• [Exercise prompt] The line containing "amonruk hotel" marks the end: write out exactly every line from the first line of the data below through that line, and only those.

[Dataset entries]
Content starts
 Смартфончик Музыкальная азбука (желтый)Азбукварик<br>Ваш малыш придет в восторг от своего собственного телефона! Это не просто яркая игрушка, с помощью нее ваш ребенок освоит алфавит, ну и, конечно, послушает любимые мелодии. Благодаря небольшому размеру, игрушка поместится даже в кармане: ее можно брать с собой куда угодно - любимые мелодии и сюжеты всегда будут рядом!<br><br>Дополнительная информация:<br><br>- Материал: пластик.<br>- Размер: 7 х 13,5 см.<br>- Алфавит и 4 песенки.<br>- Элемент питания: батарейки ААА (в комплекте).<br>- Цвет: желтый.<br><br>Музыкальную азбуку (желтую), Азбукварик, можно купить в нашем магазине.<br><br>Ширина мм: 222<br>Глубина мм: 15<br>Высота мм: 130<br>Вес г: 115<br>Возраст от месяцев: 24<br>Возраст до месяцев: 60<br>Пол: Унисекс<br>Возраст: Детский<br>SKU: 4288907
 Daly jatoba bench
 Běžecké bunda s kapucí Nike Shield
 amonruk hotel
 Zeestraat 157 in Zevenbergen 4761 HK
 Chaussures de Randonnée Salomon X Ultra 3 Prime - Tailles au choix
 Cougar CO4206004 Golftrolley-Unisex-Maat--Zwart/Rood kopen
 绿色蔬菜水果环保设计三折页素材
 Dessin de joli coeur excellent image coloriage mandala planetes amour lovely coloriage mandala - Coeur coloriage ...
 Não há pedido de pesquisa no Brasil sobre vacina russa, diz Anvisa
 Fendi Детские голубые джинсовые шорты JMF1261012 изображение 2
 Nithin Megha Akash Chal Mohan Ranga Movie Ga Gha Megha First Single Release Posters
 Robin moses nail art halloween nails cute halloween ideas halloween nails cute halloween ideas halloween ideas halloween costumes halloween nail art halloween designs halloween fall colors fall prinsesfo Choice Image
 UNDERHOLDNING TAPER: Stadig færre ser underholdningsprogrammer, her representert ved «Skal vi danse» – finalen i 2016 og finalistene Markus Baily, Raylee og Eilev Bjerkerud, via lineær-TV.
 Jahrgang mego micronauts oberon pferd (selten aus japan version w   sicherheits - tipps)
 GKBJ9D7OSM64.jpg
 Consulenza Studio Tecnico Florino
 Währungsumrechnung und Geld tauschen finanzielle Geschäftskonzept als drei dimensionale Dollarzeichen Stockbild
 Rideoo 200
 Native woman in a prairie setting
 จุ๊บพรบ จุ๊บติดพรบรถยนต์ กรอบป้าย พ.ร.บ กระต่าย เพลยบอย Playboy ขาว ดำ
Content ends
• [Your response]
 Смартфончик Музыкальная азбука (желтый)Азбукварик<br>Ваш малыш придет в восторг от своего собственного телефона! Это не просто яркая игрушка, с помощью нее ваш ребенок освоит алфавит, ну и, конечно, послушает любимые мелодии. Благодаря небольшому размеру, игрушка поместится даже в кармане: ее можно брать с собой куда угодно - любимые мелодии и сюжеты всегда будут рядом!<br><br>Дополнительная информация:<br><br>- Материал: пластик.<br>- Размер: 7 х 13,5 см.<br>- Алфавит и 4 песенки.<br>- Элемент питания: батарейки ААА (в комплекте).<br>- Цвет: желтый.<br><br>Музыкальную азбуку (желтую), Азбукварик, можно купить в нашем магазине.<br><br>Ширина мм: 222<br>Глубина мм: 15<br>Высота мм: 130<br>Вес г: 115<br>Возраст от месяцев: 24<br>Возраст до месяцев: 60<br>Пол: Унисекс<br>Возраст: Детский<br>SKU: 4288907
 Daly jatoba bench
 Běžecké bunda s kapucí Nike Shield
 amonruk hotel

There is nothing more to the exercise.